Moreover, Advisory Opinion is distinguishable from the instant case. Advisory Opinion addressed solely whether Const. 1963, art. 9, § 6 required that funds be spent in accordance with the underlying purpose of the applicable levy, and limited its holding to the conclusion that under Const. 1963, art. 9, § 6, "the Legislature retains the power to allocate tax revenues" because "[Const. 1963,] art. 9, § 6 does not address the question of `purpose'; it places a limitation on the tax rate, not on tax revenues or their use." Id. at 111-112, 422 N.W.2d 186 (emphasis in original). Contrary to the constitutional provision at issue in Advisory Opinion, the statutory scheme at issue in this case indicates that funds derived from levies must be used for the purposes stated in the ballot. Thus, Advisory Opinion is distinguishable from the instant case.
[25] Justice Kelly argues that this Court may order the distribution of taxes contrary to the express purpose in a ballot measure, because "regardless of the language in the proposals, the proposals themselves were illegal." Post at 545. However, Justice Kelly overlooks the clear import of MCL 211.24f, which indicates that taxes levied pursuant to a millage proposal may not be spent contrary to the express will of the voters. Although Justice Kelly claims this Court is "sanction[ing]" a violation of MCL 224.20b, post at 545, this Court is merely recognizing that the only remedy available to plaintiff is through the Attorney General. Contrary to her argument, mandamus is not available because that remedy would require a violation of MCL 211.24f.
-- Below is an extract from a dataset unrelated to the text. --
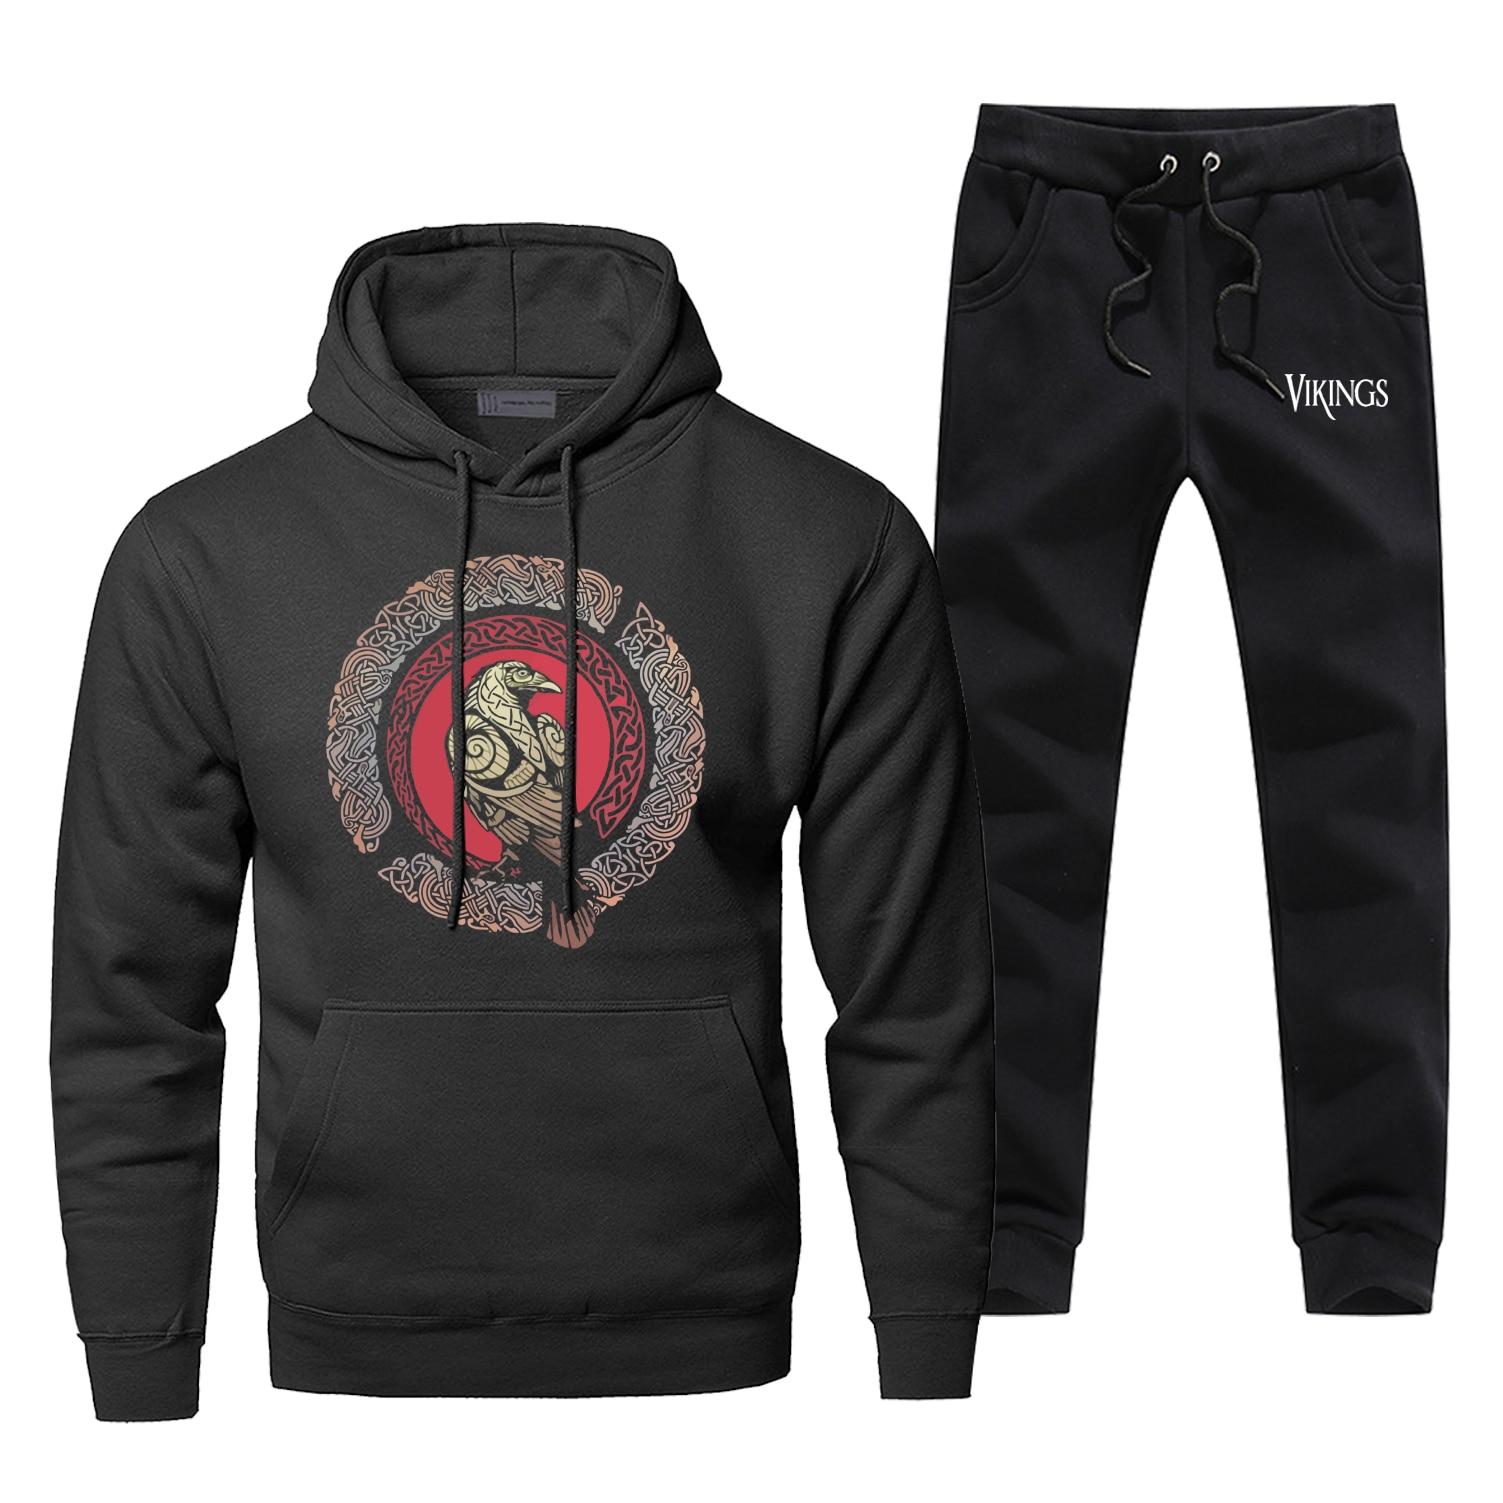 Odin Vikings Hoodie Pants Set Men Sweatshirt Male Hoodies Sweatshirts Mens Sets Two Piece Pant Scandinavian Runes Valhalla Coat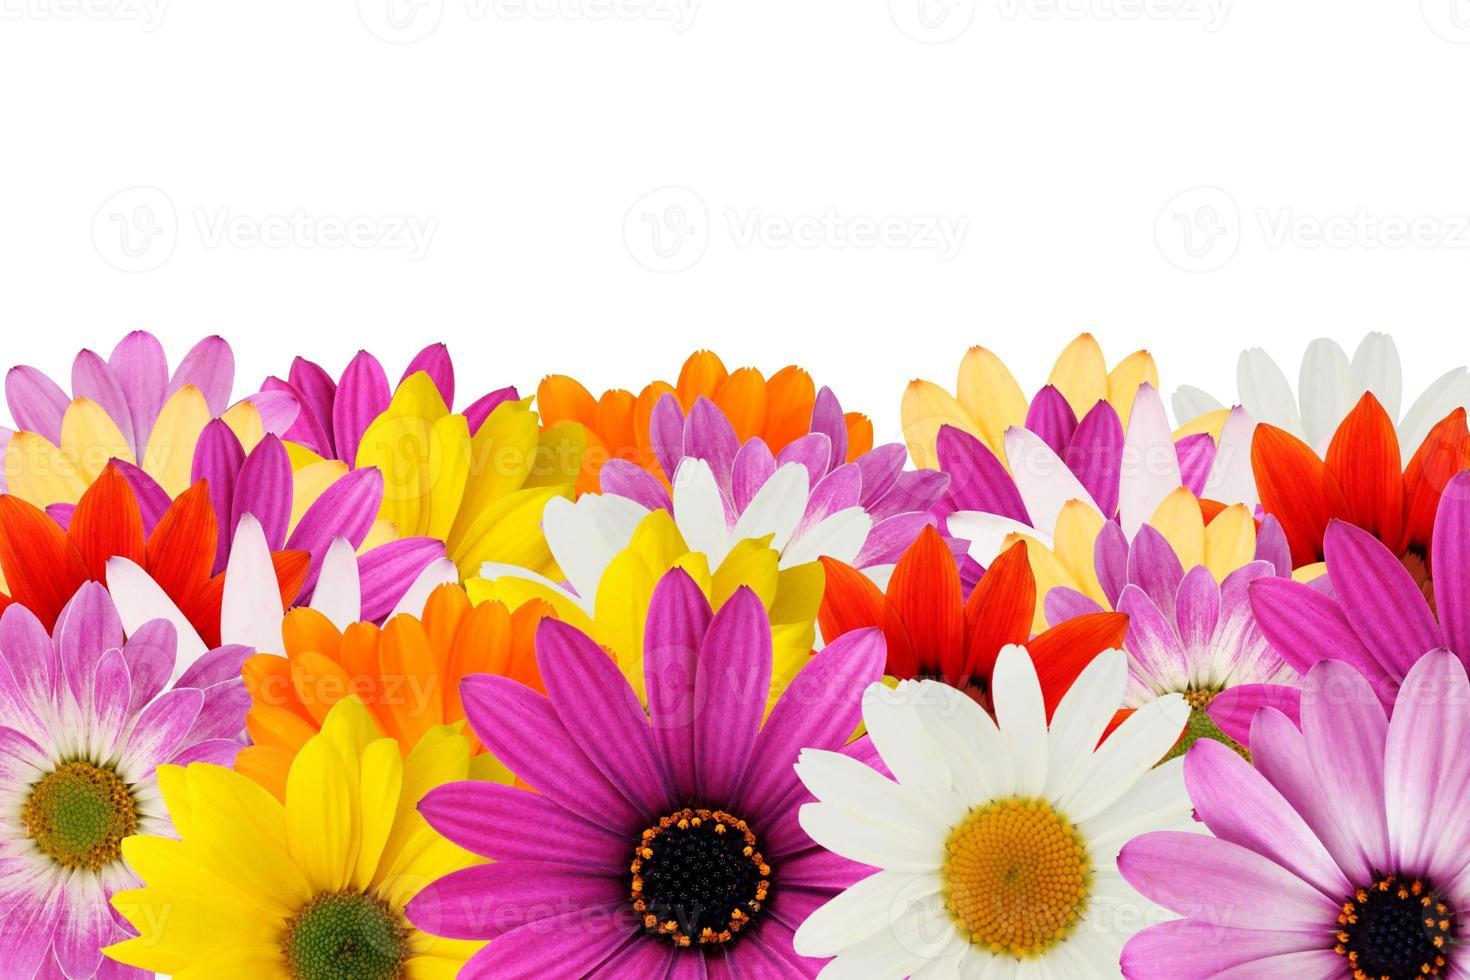 bordure de marguerite joyeuse photo

[26] MCR 2.605(A)(1) provides: "In a case of actual controversy within its jurisdiction, a Michigan court of record may declare the rights and other legal relations of an interested party seeking a declaratory judgment, whether or not other relief is or could be sought or granted."
[27] Associated Builders & Contractors v. Dep't of Consumer & Industry Services Director, 472 Mich. 117, 126, 693 N.W.2d 374 (2005), quoting Lee v. Macomb Co. Bd. of Comm'rs, 464 Mich. 726, 739, 629 N.W.2d 900 (2001).
[28] Nat'l Wildlife Federation v. Cleveland Cliffs Iron Co., 471 Mich. 608, 628, 684 N.W.2d 800 (2004).
[29] Thus, because plaintiff does not seek an available remedy, nothing remains to be litigated on remand.
[1] The allocation set forth in subsection 2 is applicable unless there is an agreement to the contrary among the governing bodies of the county's municipalities and the board of county road commissioners. In the instant case, there was never an agreement.
[2] The 2003 ballot proposal stated:
Shall there be an additional one (1) mill levy in the amount of one (1) dollar per thousand dollars of the state equalized valuation for the property in Van Buren County, for a period of five (5) years, to be used by the Van Buren County Road Commission specifically for the purpose and repair and reconstruction of primary county roads and local county roads of Van Buren County?
Similar ballot proposals appeared in 1978, 1980, 1984, 1988, 1994, and 1998. The amounts and the renewal periods varied.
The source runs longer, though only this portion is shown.